> **WORK TO COMPLETE**:
Your job is to retype the records exactly while dropping every picture.

> **Collection entries**:
═══

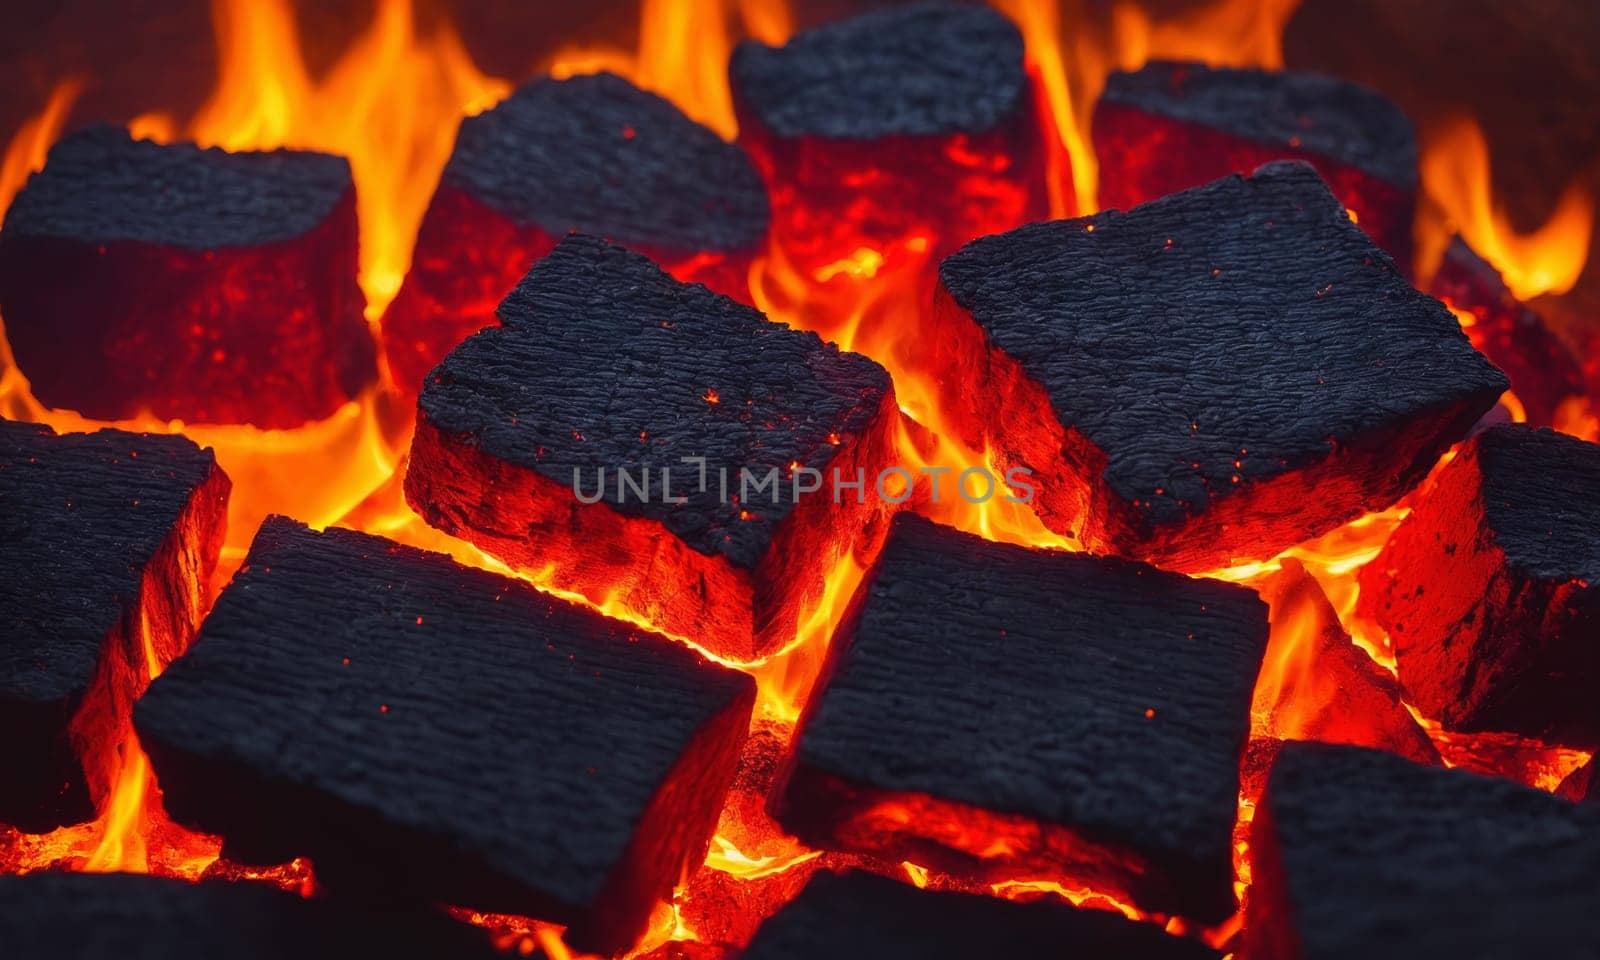 High view of burning coals in the background by Andre1ns
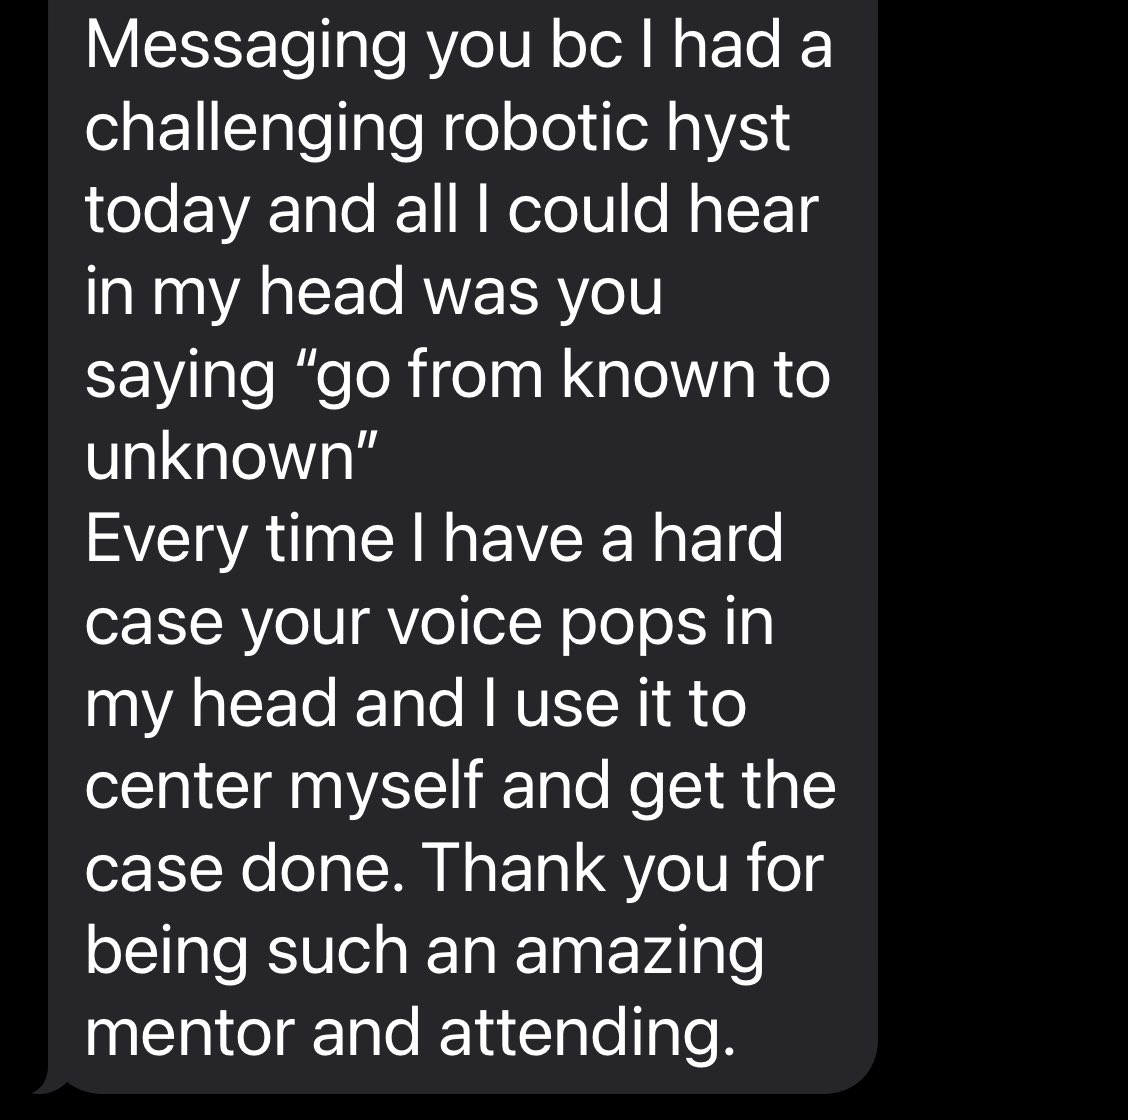 You never know how you  are going to impact your #obgyn #residents and fellows. Build them up💪🏽
#mentoringmatters
#minoritiesinmedicine
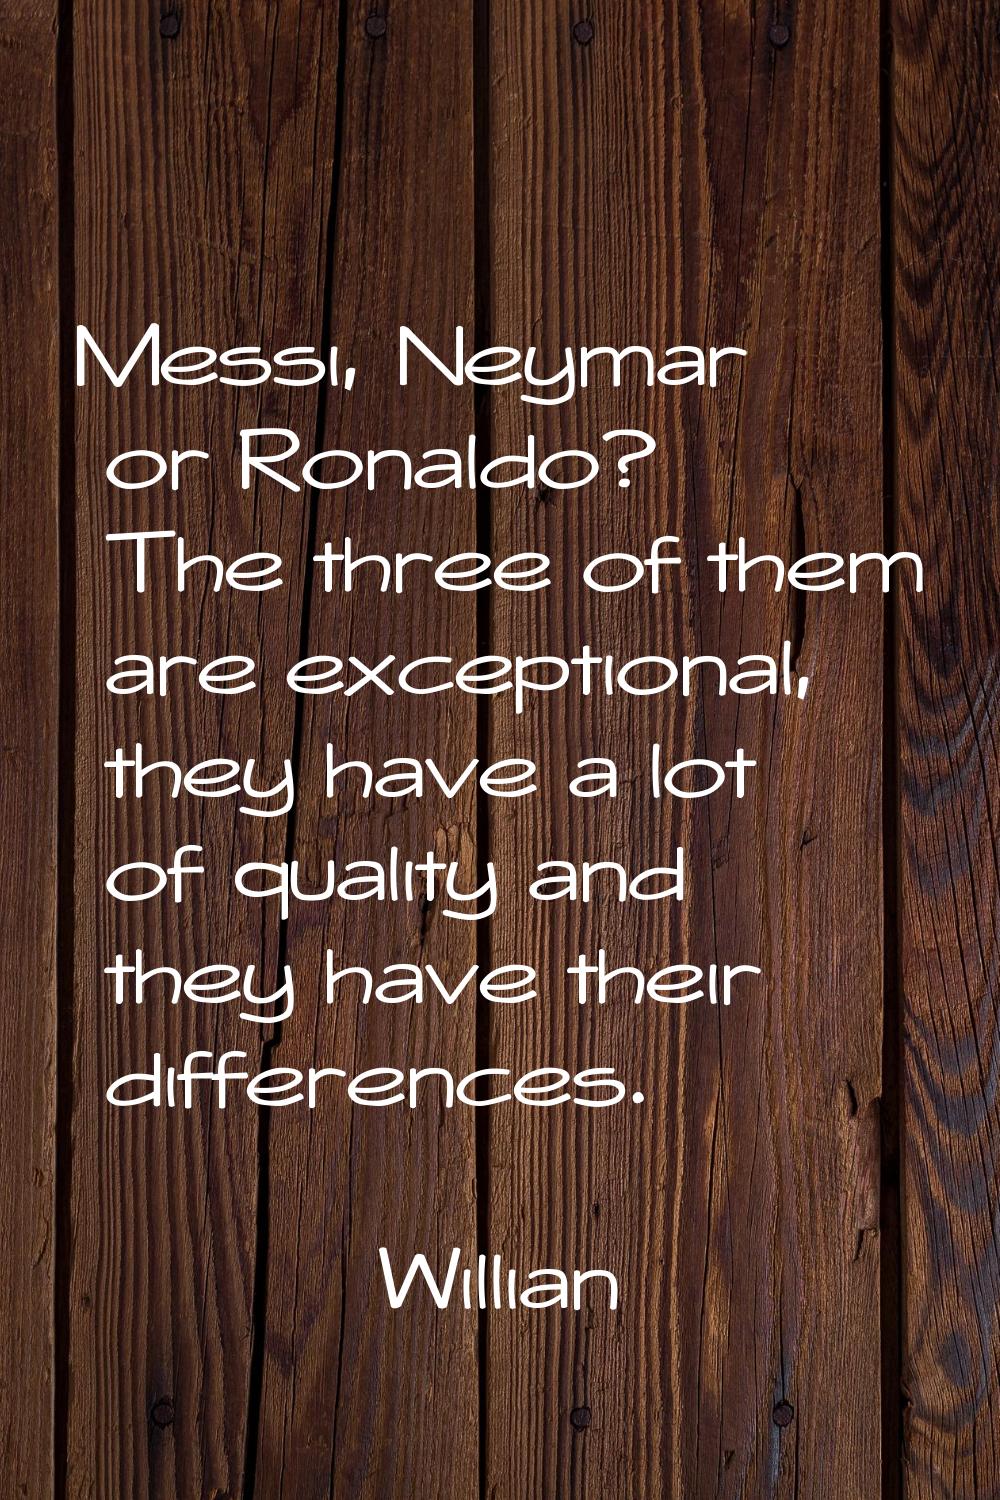 Messi, Neymar or Ronaldo? The three of them are exceptional, they have a lot of quality and they ha
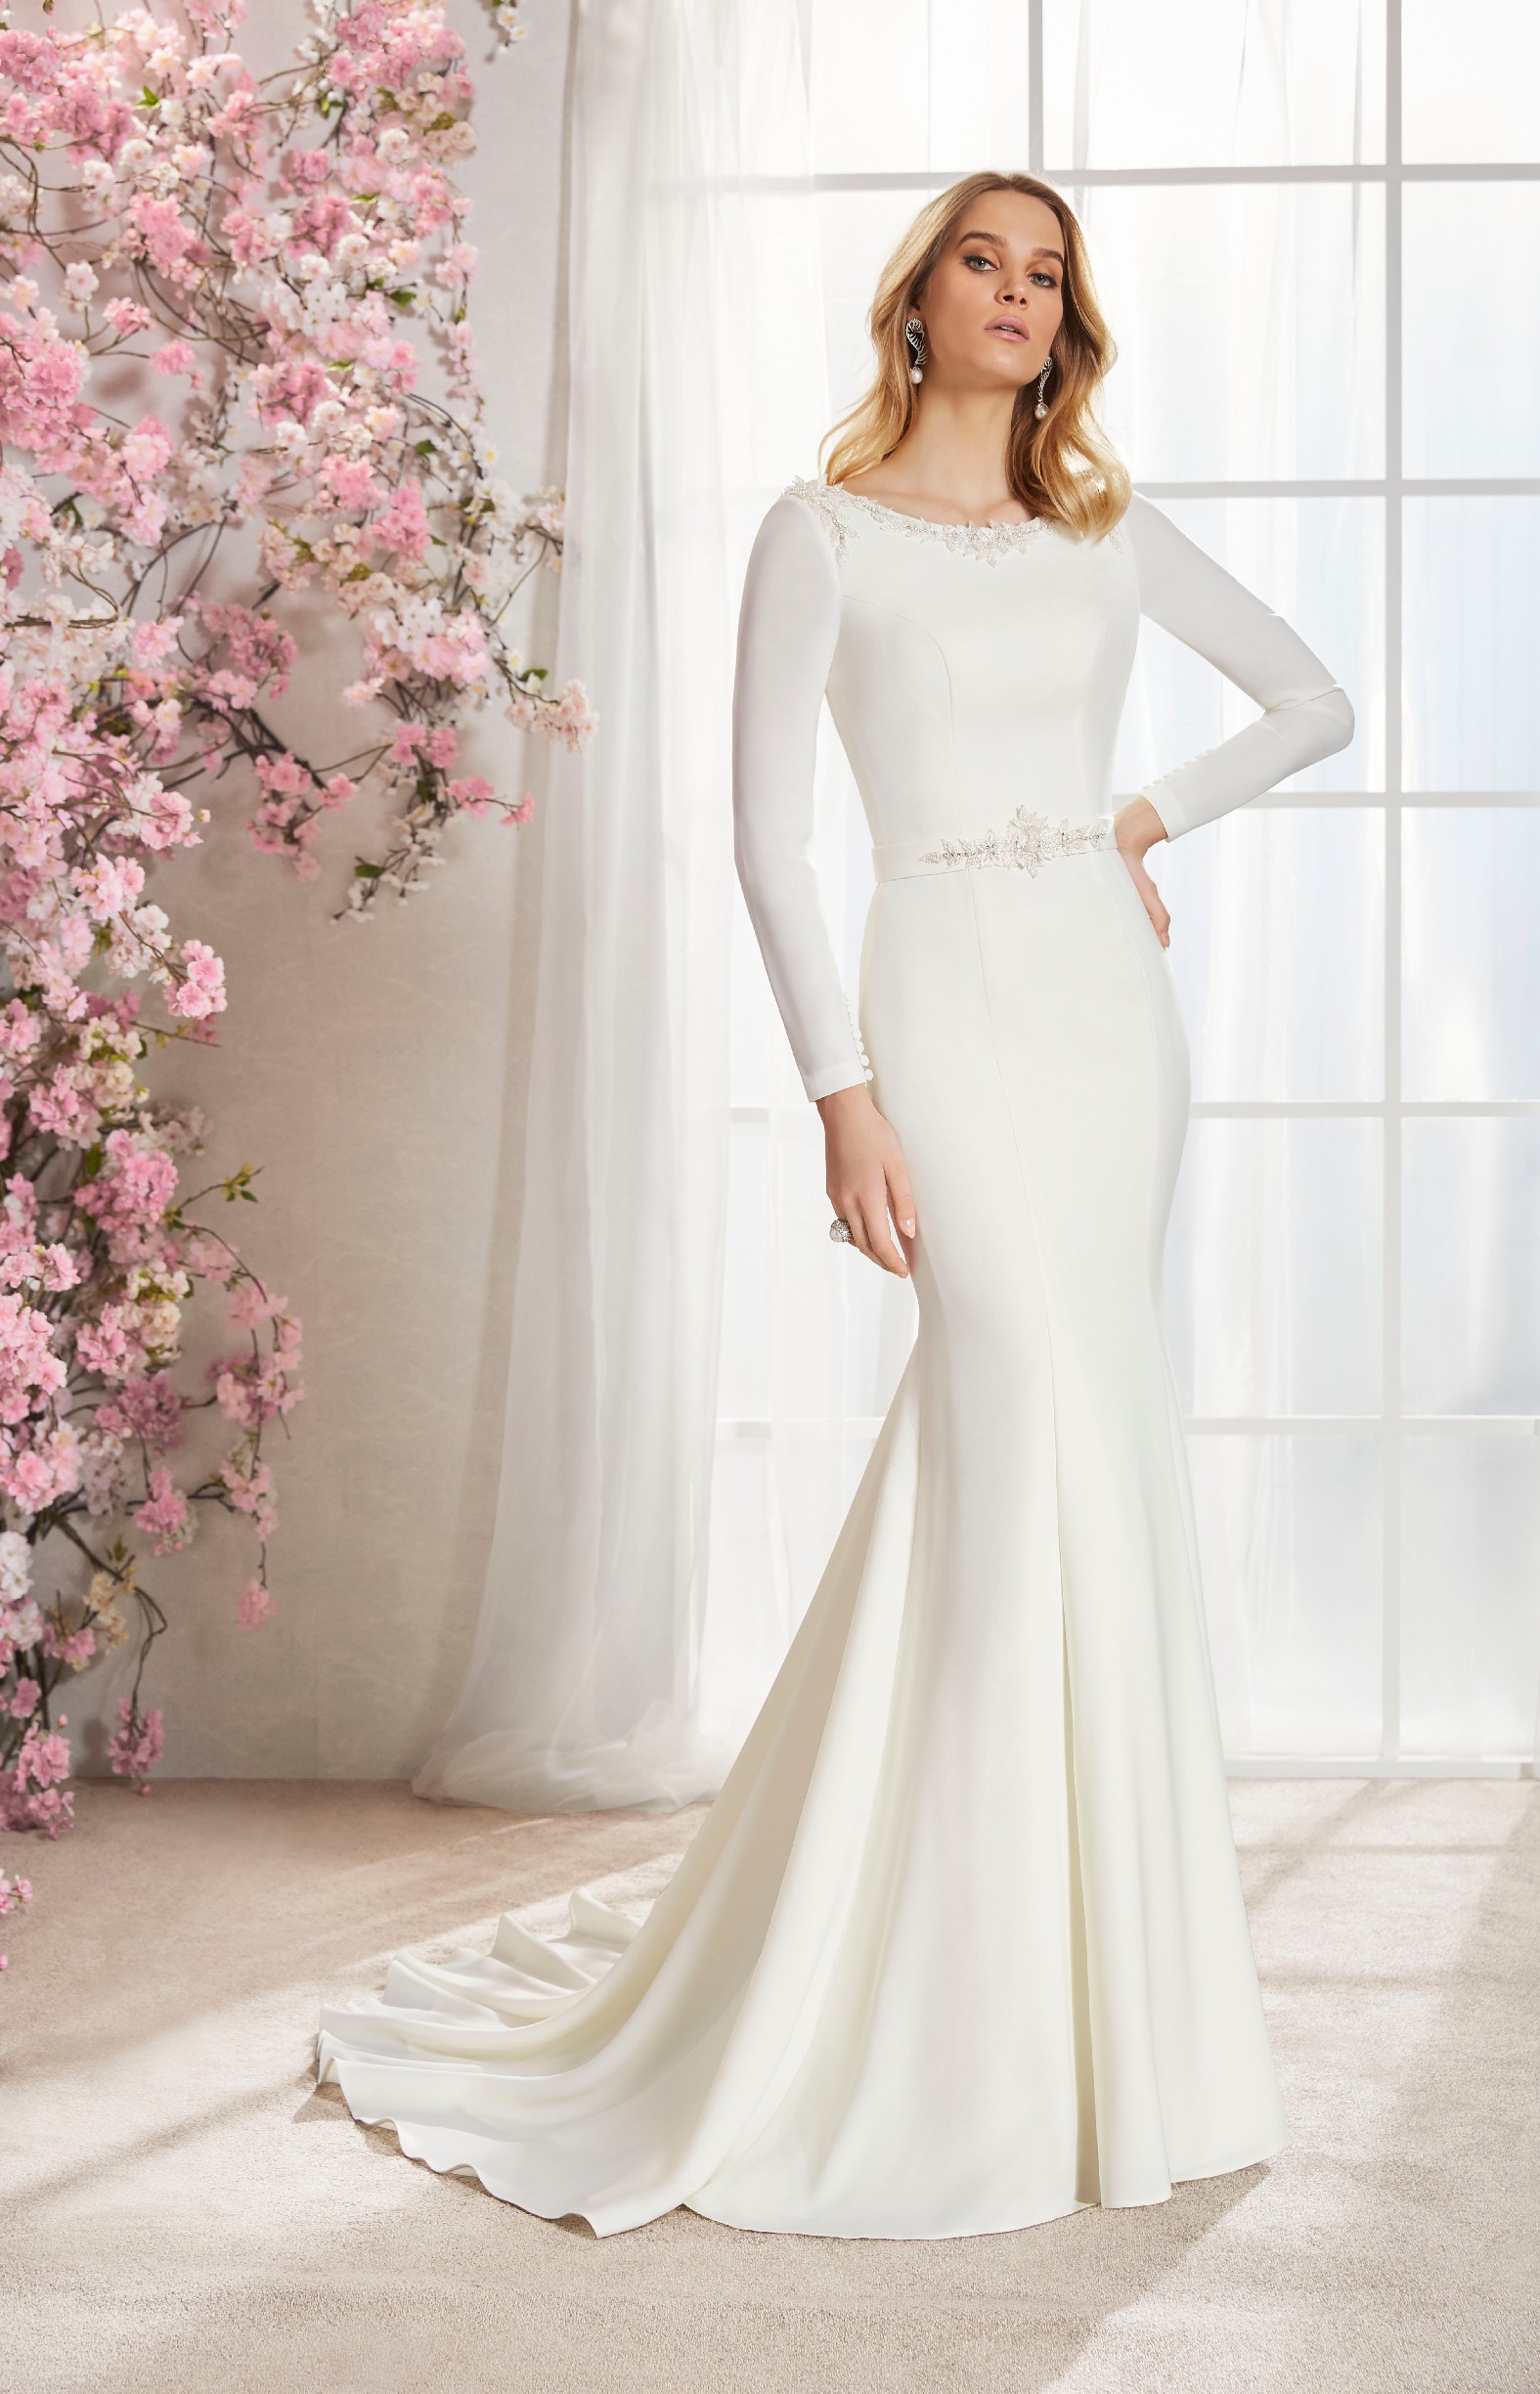 Blonde model stood in a cream room next to pink blossom in Ronald Joyce 18355, a plain fit and flare wedding dress with long sleeves and a sparkle belt and matching neckline

═══

> **THE COMPLETED TASK**:
 High view of burning coals in the background by Andre1ns
 You never know how you  are going to impact your #obgyn #residents and fellows. Build them up💪🏽
#mentoringmatters
#minoritiesinmedicine
 Messi, Neymar or Ronaldo? The three of them are exceptional, they have a lot of quality and they ha
 Blonde model stood in a cream room next to pink blossom in Ronald Joyce 18355, a plain fit and flare wedding dress with long sleeves and a sparkle belt and matching neckline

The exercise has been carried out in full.